I want to replace every dot with a space in a sentence except when it is used with an abbreviation. When it is used with an abbreviation, I want to replace it with ''
NULL.
Abbreviation means a dot surrounded at least two Capital letters.
My regex
are working except they catch U.S.
r1 = r'\b((?:[A-Z]\.){2,})\s*'
r2 = r'(?:[A-Z]\.){2,}'
'U.S.A is abbr x.y is not. But I.I.T. is also valid ABBVR and so is M.Tech'
should become
'USA is abbr x y is not But IIT is also valid ABBVR and so is MTech'
UPDATE: It should not be considering any numbers or special characters.
X.2 -> X 2
X. -> X
X.* -> X -
You can use
import re
s='U.S.A is abbr x.y is not. But I.I.T. is also valid ABBVR and so is M.Tech, X.2, X., X.*'
print(re.sub(r'(?<=[A-Z])(\.)(?=[A-Z])|\.', lambda x: '' if x.group(1) else ' ', s))

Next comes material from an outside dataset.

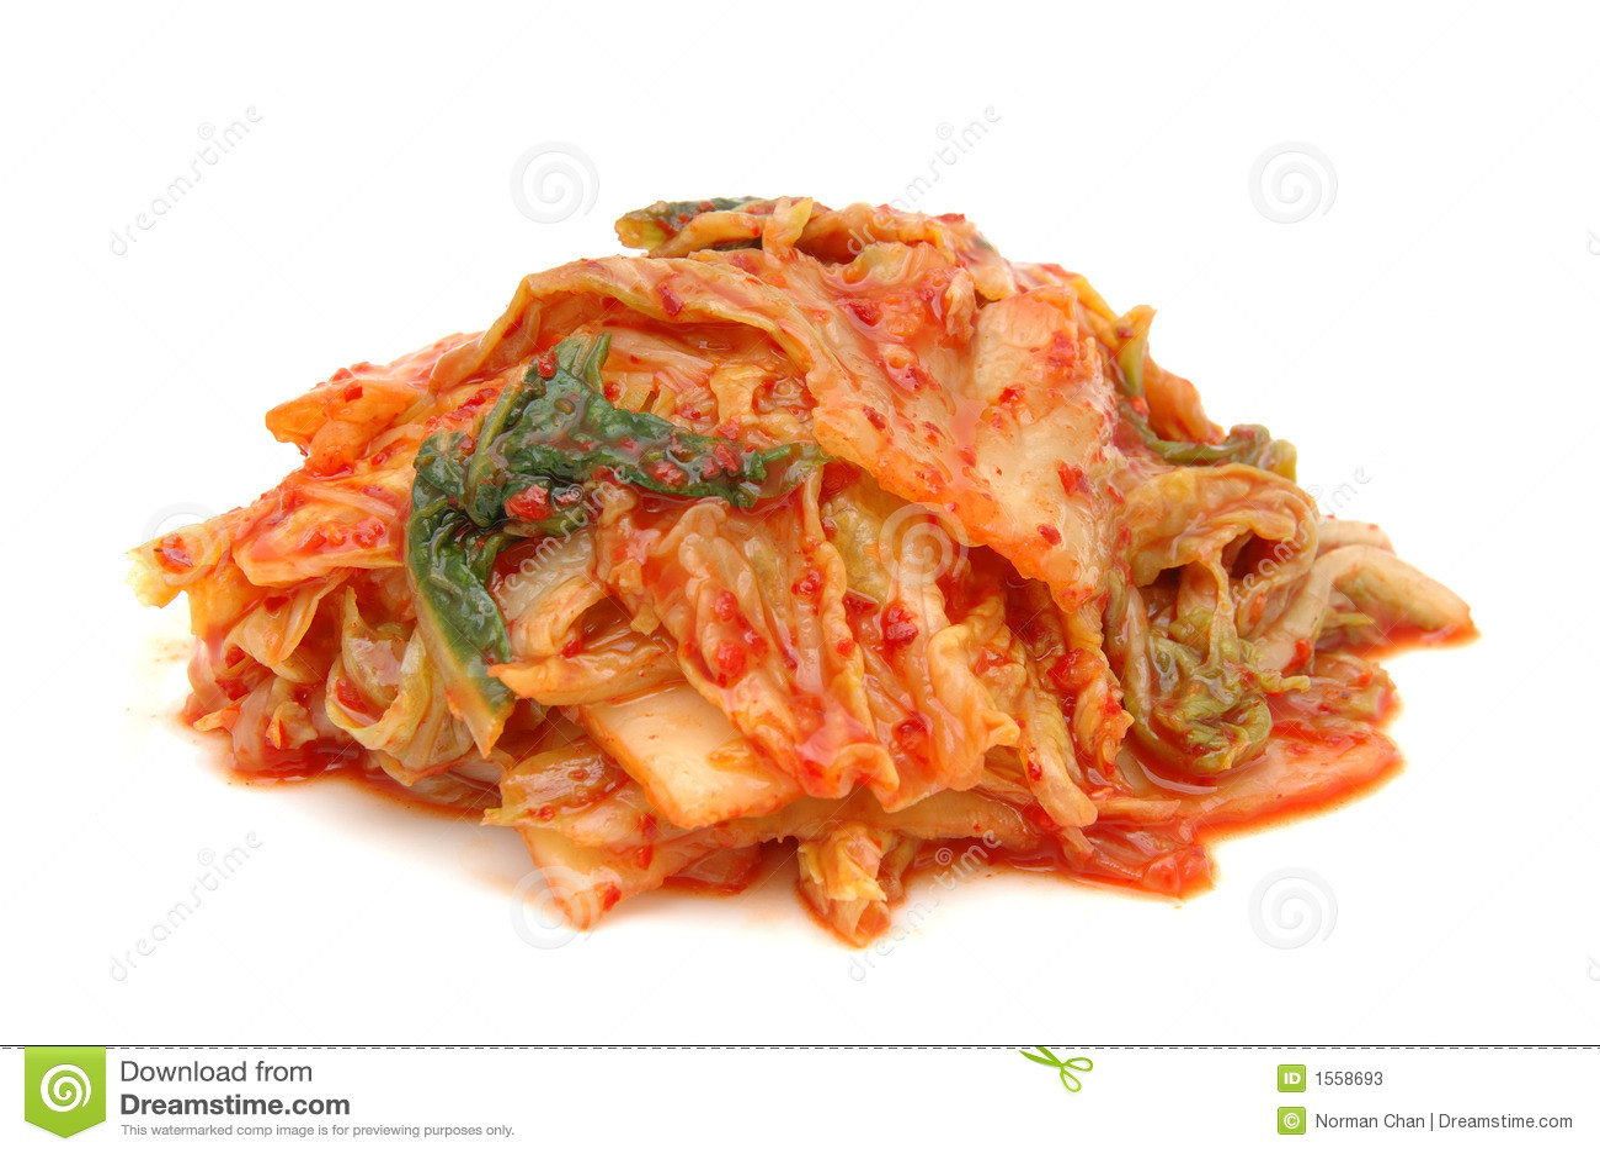 Kimchi Stock Photos - Image: 1558693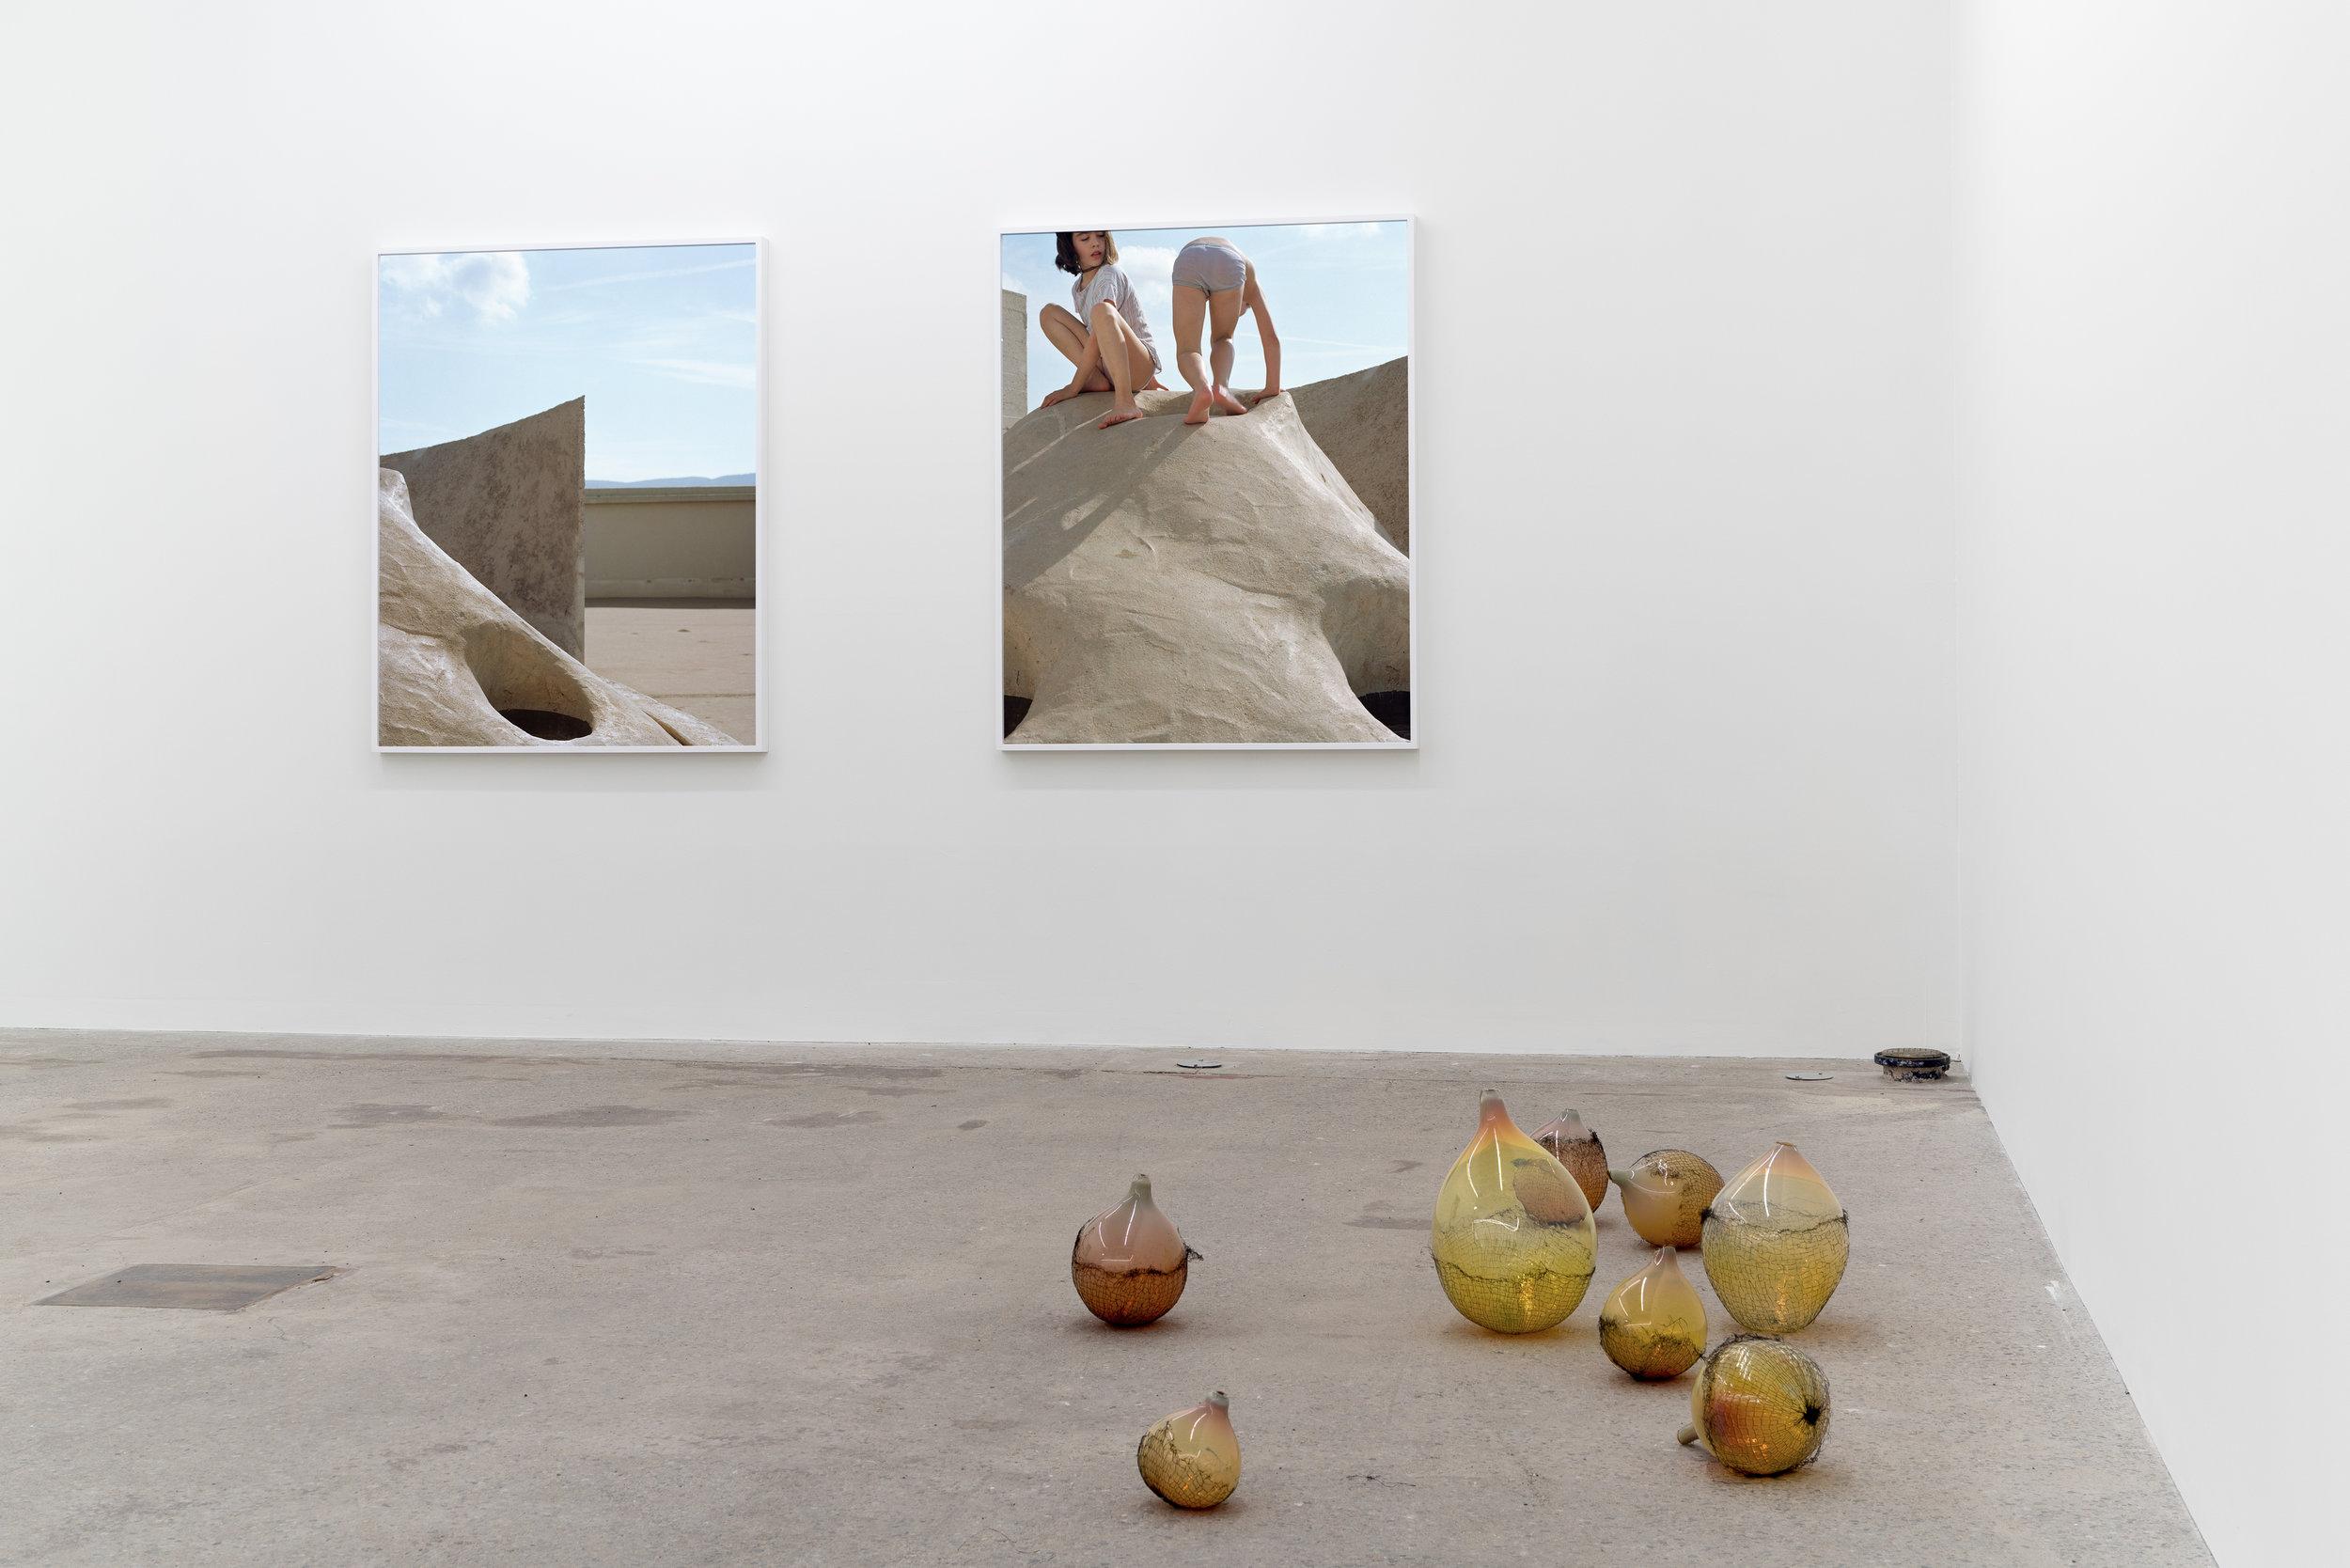 Lorna Bauer,  Tools for Idlers , 2018, exhibition view, Galerie Nicolas Robert, photo : Jean-Michael Seminaro

# => USA is abbr x y is not But IIT is also valid ABBVR and so is MTech, X 2, X , X *
See the Python demo. Here is a regex demo. It matches
(?<=[A-Z])(\.)(?=[A-Z])
- Group 1: a .
char that is immediately preceded and followed with an uppercase ASCII letter|
- or\.
- a dot (in any other context)If Group 1 matches, the replacement is an empty string, else, the replacement is a space.
To make it Unicode-aware, install PyPi regex library (pip install regex
) and use
import regex
s='U.S.A is abbr x.y is not. But I.I.T. is also valid ABBVR and so is M.Tech, X.2, X., X.*'
print(regex.sub(r'(?<=\p{Lu})(\.)(?=\p{Lu})|\.', lambda x: '' if x.group(1) else ' ', s))
The \p{Lu}
matches any Unicode uppercase letter.